La défense est hors domaine de l’AI Act. Ainsi, le considérant 24 précise :  si « des systèmes d’IA sont mis sur le marché, mis en service ou utilisés avec ou sans modification de ces systèmes à des fins militaires, de défense ou de sécurité nationale, ces systèmes devraient être exclus du champ d’application du présent règlement, indépendamment du type d’entité exerçant ces activités, par exemple qu’il s’agisse d’une entité publique ou privée. En ce qui concerne l’usage à des fins militaires et de défense, une telle exclusion est justifiée tant par l’article 4, paragraphe 2, du traité sur l’Union européenne que par les spécificités de la politique de défense des États membres et de la politique de défense commune de l’Union relevant du titre V, chapitre 2, du traité sur l’Union européenne ».

En France, la Direction générale de l’armement (DGA) et l’Agence de l’innovation de défense (AID) ont publié un guide pour l’intégration de l’IA dans les systèmes opérationnels de défense. Ce guide propose des orientations pour l’intégration de briques d’IA dans les systèmes – de la spécification à la qualification –, ainsi que tout au long de la vie du système déployé.

Des entreprises leaders de la sécurité et de la défense ont, dans la même ligne, établi des guidelines du développement de l’IA dans leurs services et leurs produits. Thales a élaboré quatre piliers sur l’IA. Le premier pilier a trait à sa validité (validity) : l’IA doit faire uniquement ce qu’elle doit faire et pas au-delà. Le deuxième pilier est lié à la sécurité (security) : le système doit être résilient aux cyberattaques. Le troisième pilier est l’explicabilité de l’IA (explainability). Le quatrième pilier enfin est basé sur la responsabilité de l’IA (responsability).

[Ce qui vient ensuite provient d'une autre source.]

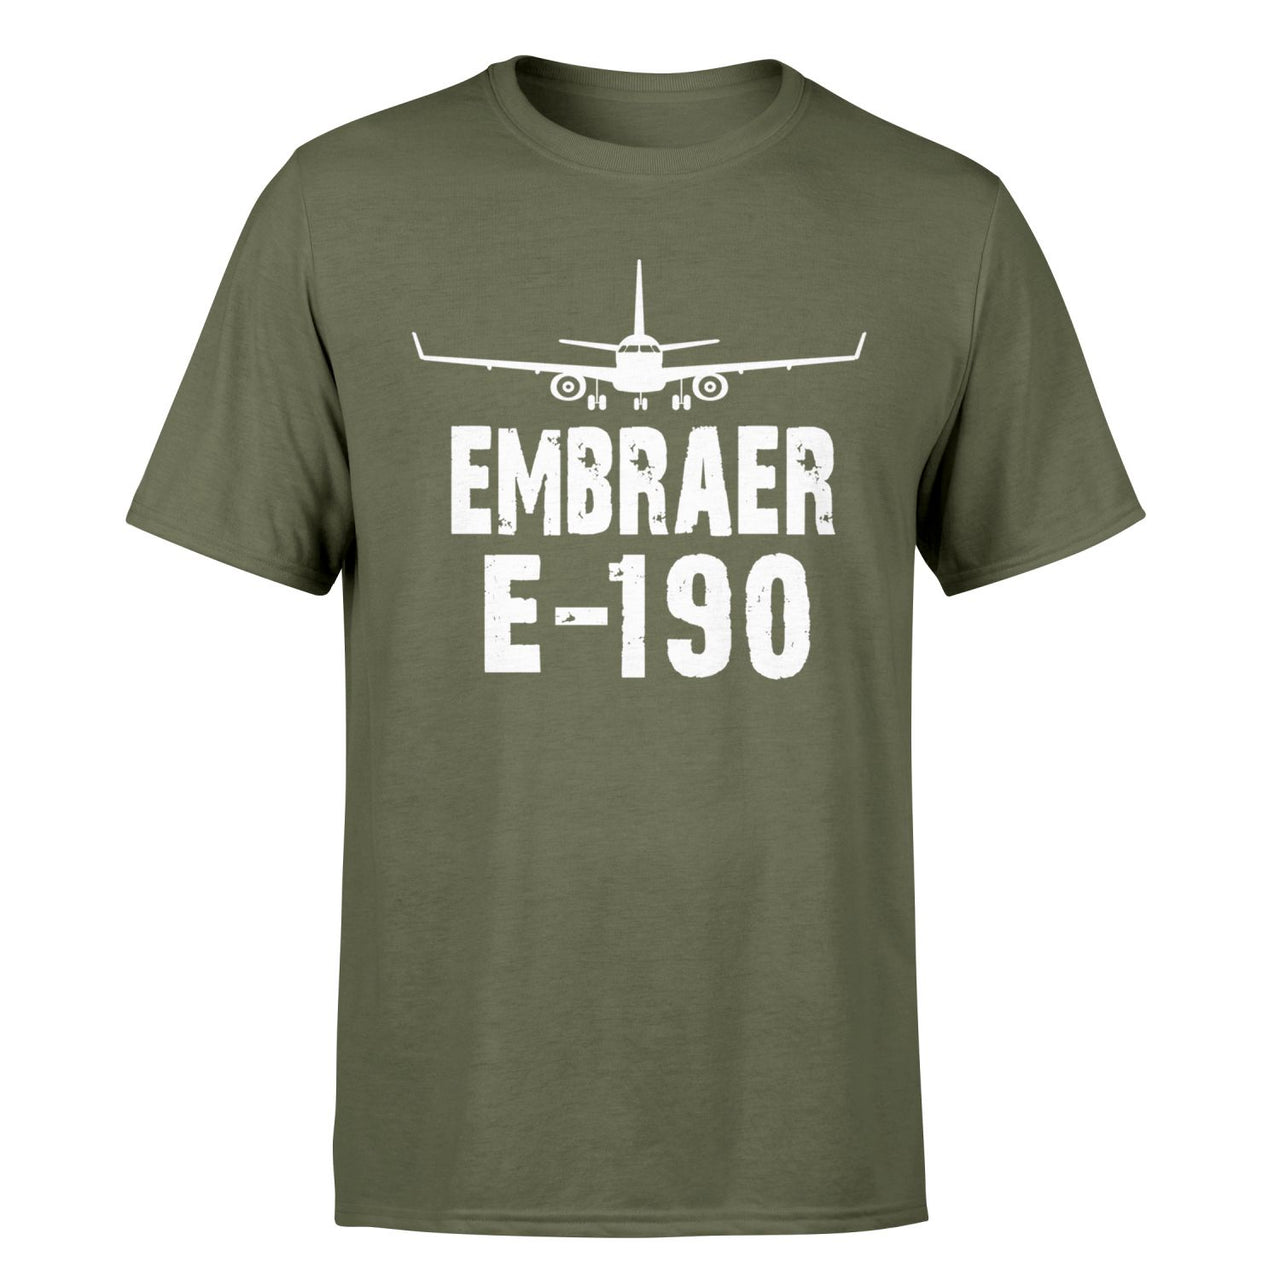 Embraer E-190 & Plane Designed T-Shirts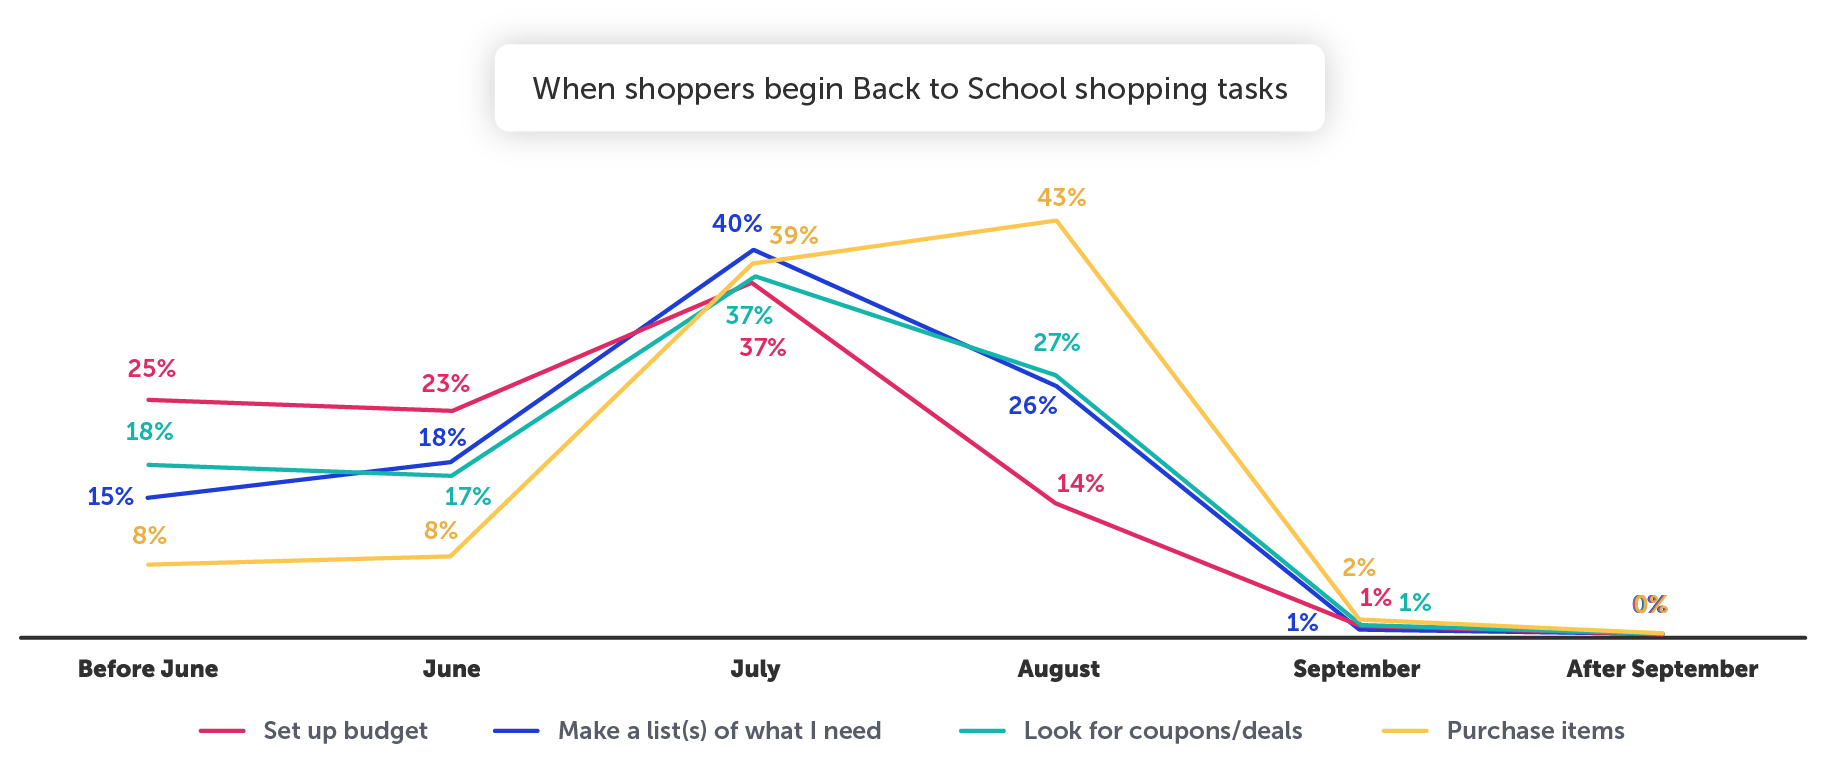 Seasonal Trends - BTS - When shoppers begin BTS shopping tasks

La Stratégie OTAN de l’IA vise à accélérer l’adoption de l’IA afin de renforcer l’avantage technologique de l’OTAN, tout en se protégeant contre les menaces liées à l’IA. L’OTAN s’engage à la collaboration et à la coopération entre les Alliés sur les questions liées à l’IA pour la défense et la sécurité transatlantiques. Les points importants de la stratégie de l’OTAN sont les suivants :

  • un développement et une utilisation responsables : encourager le développement et l’utilisation responsables de l’IA à des fins de défense et de sécurité
  • une adoption accélérée : accélérer et simplifier l’adoption de l’IA dans le développement des capacités (avec le secteur privé), l’interopérabilité et les nouveaux programmes
  • une protection et une surveillance : protéger et suivre les technologies IA et la capacité d’innovation, gérer les risques
  • une neutralisation des menaces : identifier et contrer les menaces liées à l’utilisation malveillante de l’IA par des acteurs étatiques et non étatiques.

On peut donc s’attendre à des investissements dans le domaine de la défense car il existe moins de limitations que celles posées par l’AI Act pour les applications purement civiles. Par ailleurs, le développement de l’IA dans le domaine de la défense apportera des innovations pour les applications civiles à l’instar d’Internet, initialement un programme militaire qui a ensuite connu un engouement dans ses applications civiles.